И вот в каждом поместье старенькие помещицы доставали из сундуков древние запылившиеся мундиры своих старых, больных "мужиков", затепливали свечи перед ликами "ушедших навсегда" в Альпийский поход, Фридлянд, да Аустерлиц детей, да собирали в дорогу внуков своих…
Обученных почти не было. В отряды, командуемые ветеранами аж бабушкиных сражений, записывались ребятки двенадцати-тринадцати лет. Их матушки и бабушки набирали им в подмогу всех дельных мужиков, вооружали их охотничьими ружьями, да топорами и вилами, а потом выскребали амбары дочиста.
Ведь это лишь на бумажке все просто и ясно — Бонапарт озяб, да оголодал, сидя в Москве, а Кутузов — отъелся, да согрелся в Тарутине. А вы когда-нибудь видели сей Тарутин?! Вы думали, — как доставить туда гору еды? Там ведь — вообще нет дорог!
А кто по вашему объяснял — куда надо везти провиант? Кто их предупредил? Или — ждал?
Я, поднимая архивы тех дней, понимаю, как победили Минин с Пожарским и как готовилось Куликово поле.
Никто не знал, что творится, куда идти, иль вообще — что делать. Люди слышали, что враг у Москвы (никто не верил, что "Москву сдали"!) и шли по московским дорогам. Этакие живые реки на долгие версты из самых обычных старых помещиков, их желторотых внуков и мужиков с топорами за поясом, да подвод с провиантом.

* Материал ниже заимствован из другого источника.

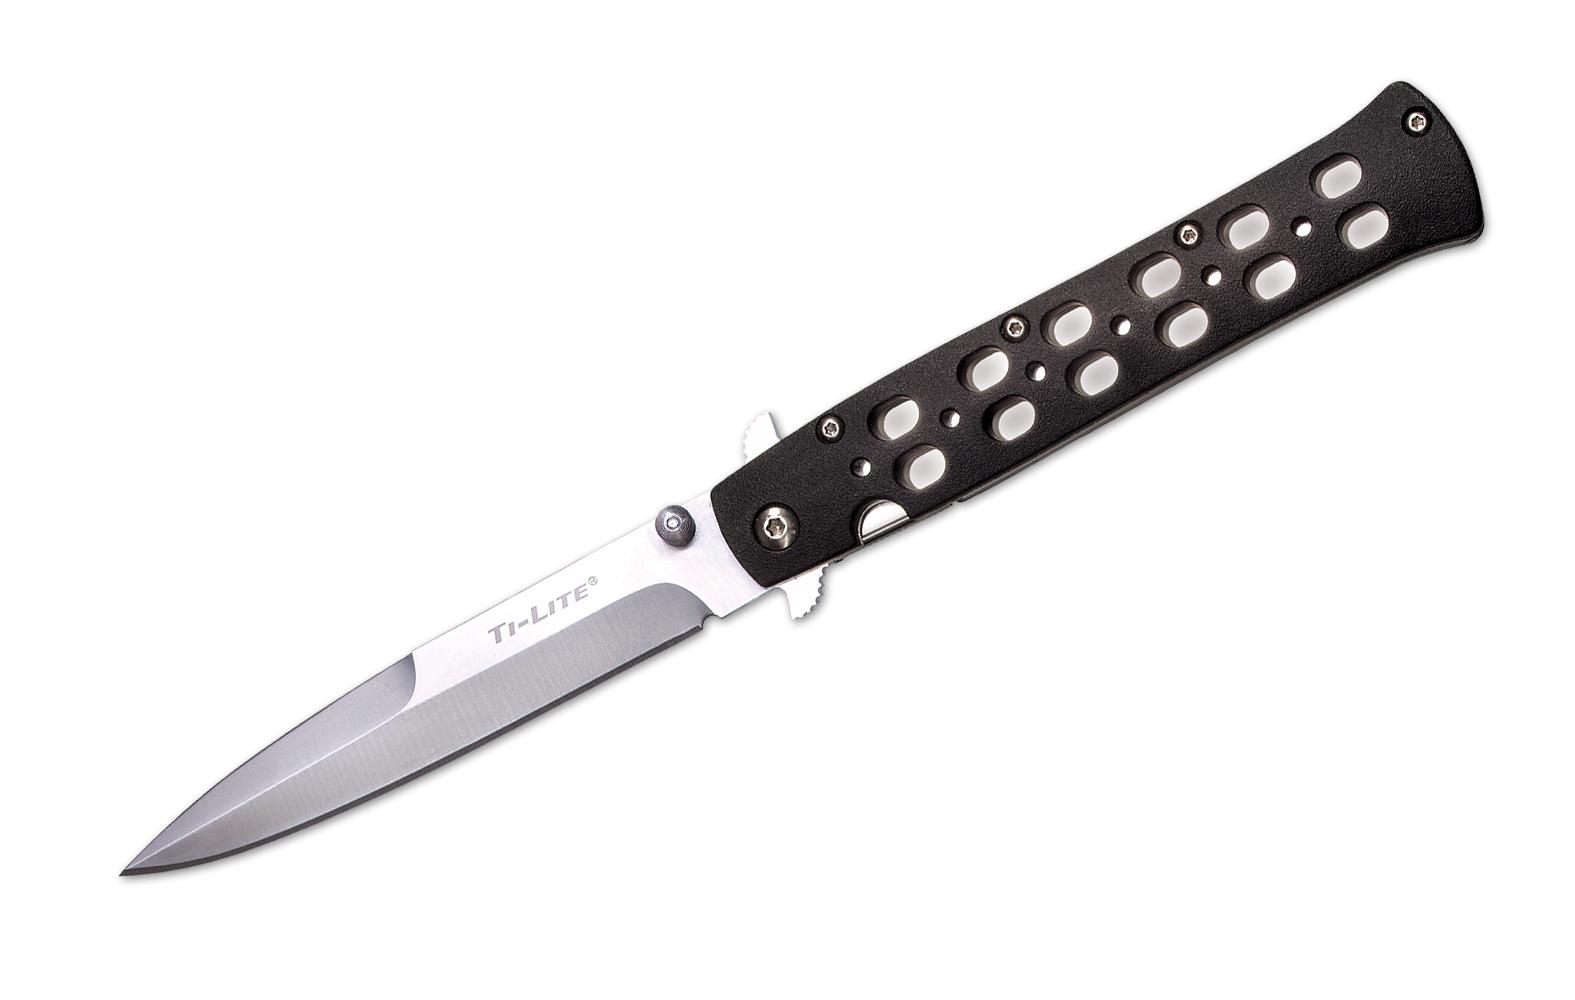 Foto Cold Steel Ti-Lite Zy-Ex Handle 4in. (Modell 2012/13)

На них без жалости налетали французы. Потом перестали. Сколько бы вы ни убили лосося в дни нереста, его ж все равно не остановить! Сам Бонапарт не смог перехватывать сии бесконечные обозы после того, как его кавалерия потеряла до половины оставшихся сабель! Лошадь плохо идет на вилы, а сабля не спасет, коль на тебя с вершины воза прыгают с топорами. Десятками.
Да и какой смысл, коль с захваченным добром не уйти — взяли один обоз, погнали в лагерь, а дорога назад уж забита телегами, — ведь идут-то и с боковых дорог! Опять топоры, вилы и — все…
Когда я в первый раз увидал русскую армию "нового образца", я так и оторопел. Произошло ужасное постарение офицерства. В младших же чинах были сплошь "дети". Все как один — в древних, потертых мундирах и регалиях бабушкиных времен. Никаких ни штуцеров, ни хлорного пороха, ни оптических прицелов. В стратегии — знаменитая "линия" и фырканье насчет "новомодных колонн". Тактика же — "времен очаковских и покоренья Крыма.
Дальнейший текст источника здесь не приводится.